Let’s try our first model, which is recommendation based on popularity. The method computes average rating for each item based on available ratings and predicts each unknown rating as average for the item.

```
model <- Recommender(rating_matrix_lab, method = "POPULAR")
recom <- predict(model, rating_matrix_lab[1:4], n=10)
as(recom, "list")
```

```
## $u1
## [1] "m2734" "m2263" "m335" "m4019" "m2005" "m152" "m292" "m231"
## [9] "m2108" "m2726"
##
## $u2
## [1] "m2734" "m335" "m2005" "m2108" "m2726" "m9" "m1096"
## [8] "m2759" "m4967" "m48304"
##
## $u3
## [1] "m335" "m2005" "m292" "m2108" "m2726" "m9" "m2759"
## [8] "m48304" "m3007" "m2501"
##
## $u4
## [1] "m2734" "m4019" "m152" "m292" "m2108" "m9" "m1096"
## [8] "m4967" "m48304" "m3007"
```

Task 6. Find the titles and genres of the movies that are recommended.

We can also predict ratings:

```
prediction <- predict(model, rating_matrix_lab[1:5], type="ratings")
as(prediction, "matrix")[,1:5]
```

```
## m31 m1029 m1061 m1129 m1172
## u1 2.775976 2.394019 2.128042 1.301898 2.227099
## u2 3.712818 3.330861 3.064885 2.238740 3.163941
## u3 3.794603 3.412646 3.146670 2.320525 3.245727
## u4 4.574015 4.192058 3.926082 3.099937 4.025138
## u5 4.135976 3.754019 NA 2.661898 3.587099
```

## Evaluation of the recommender system

```
set.seed(5864)
eval_scheme <- evaluationScheme(rating_matrix_lab, method="split", train=0.8, given=-5)
#5 ratings of 20% of users (per user) are excluded for testing
model_popular <- Recommender(getData(eval_scheme, "train"), "POPULAR")
prediction_popular <- predict(model_popular, getData(eval_scheme, "known"), type="ratings")
# check visually predictions for 50 users , 50 movies
image(prediction_popular[1:50,1:50])
```

```
rmse_popular <- calcPredictionAccuracy(prediction_popular, getData(eval_scheme, "unknown"))[1]
rmse_popular
```

```
## RMSE
## 0.935082
```

If you recall, RMSE (root mean square error) was also used in regression problems.
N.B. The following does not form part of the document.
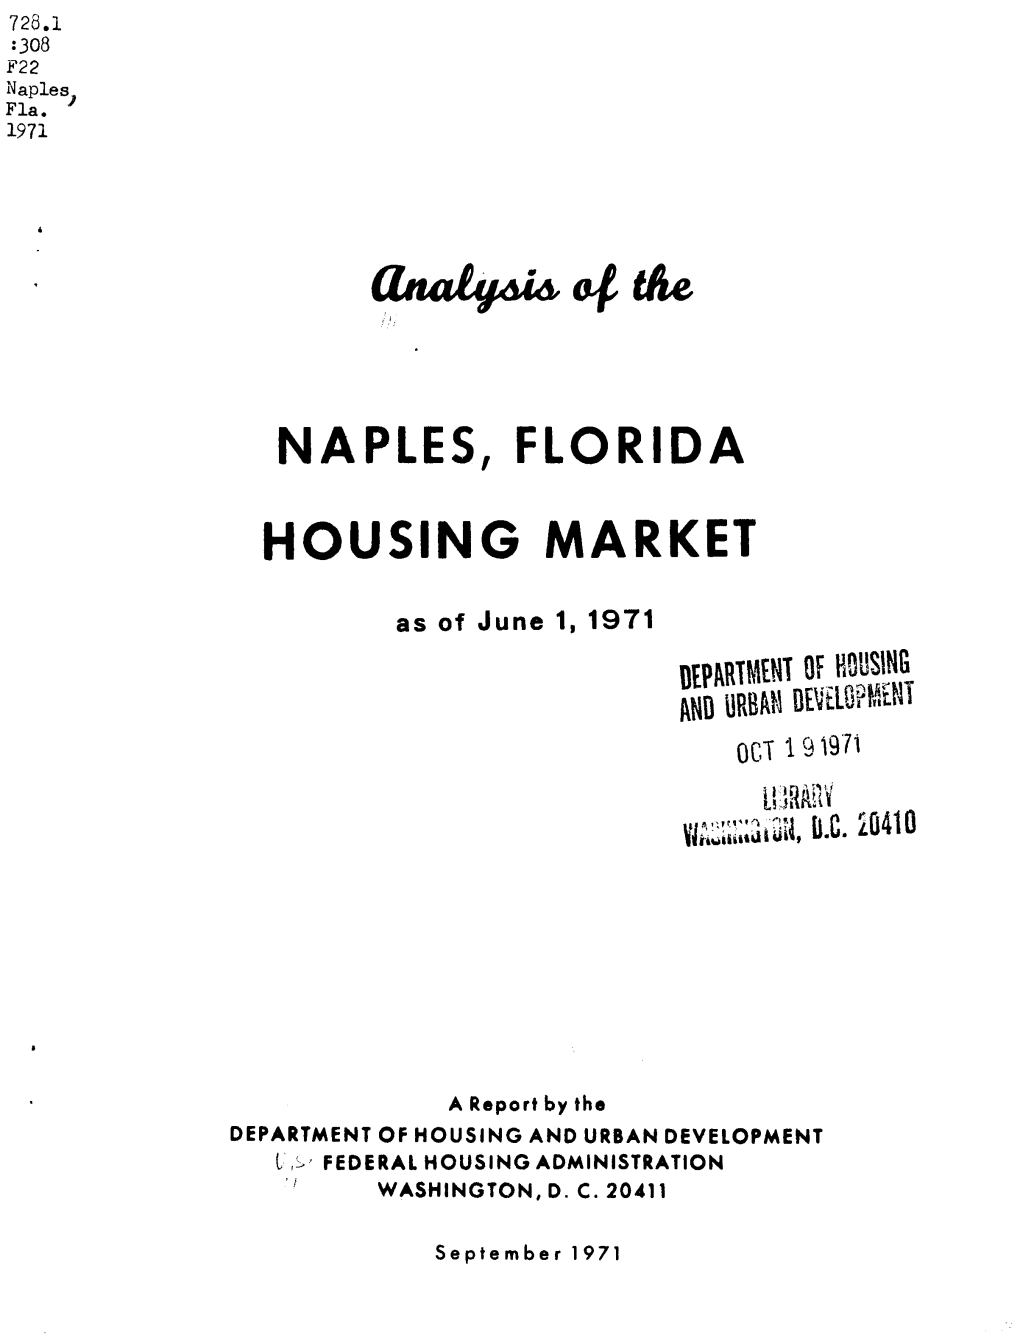 Analysis of the Naples Florida Housing Market As

It does not tell us much alone, but we can **compare** models:

```
# learn about input parameters via help
model_ubcf <- Recommender(getData(eval_scheme, "train"), "UBCF",
param=list(normalize = "center", method="Cosine", nn=50))
```

Note that we use the same scheme

`prediction_ubcf <- predict(model_ubcf, getData(eval_scheme, "known"), type="ratings")`

```
rmse_ubcf <- calcPredictionAccuracy(prediction_ubcf, getData(eval_scheme, "unknown"))[1]
rmse_ubcf
```

```
## RMSE
## 0.9682466
```

```
rbind(calcPredictionAccuracy(prediction_popular, getData(eval_scheme, "unknown")),
calcPredictionAccuracy(prediction_ubcf, getData(eval_scheme, "unknown")))
```

```
## RMSE MSE MAE
## [1,] 0.9350820 0.8743784 0.7000101
## [2,] 0.9682466 0.9375014 0.7423649
```

Task 7. Which model is better? Why? Concentrate on discussing the code and the results. Compare the results for different seeds. Are these results consistent?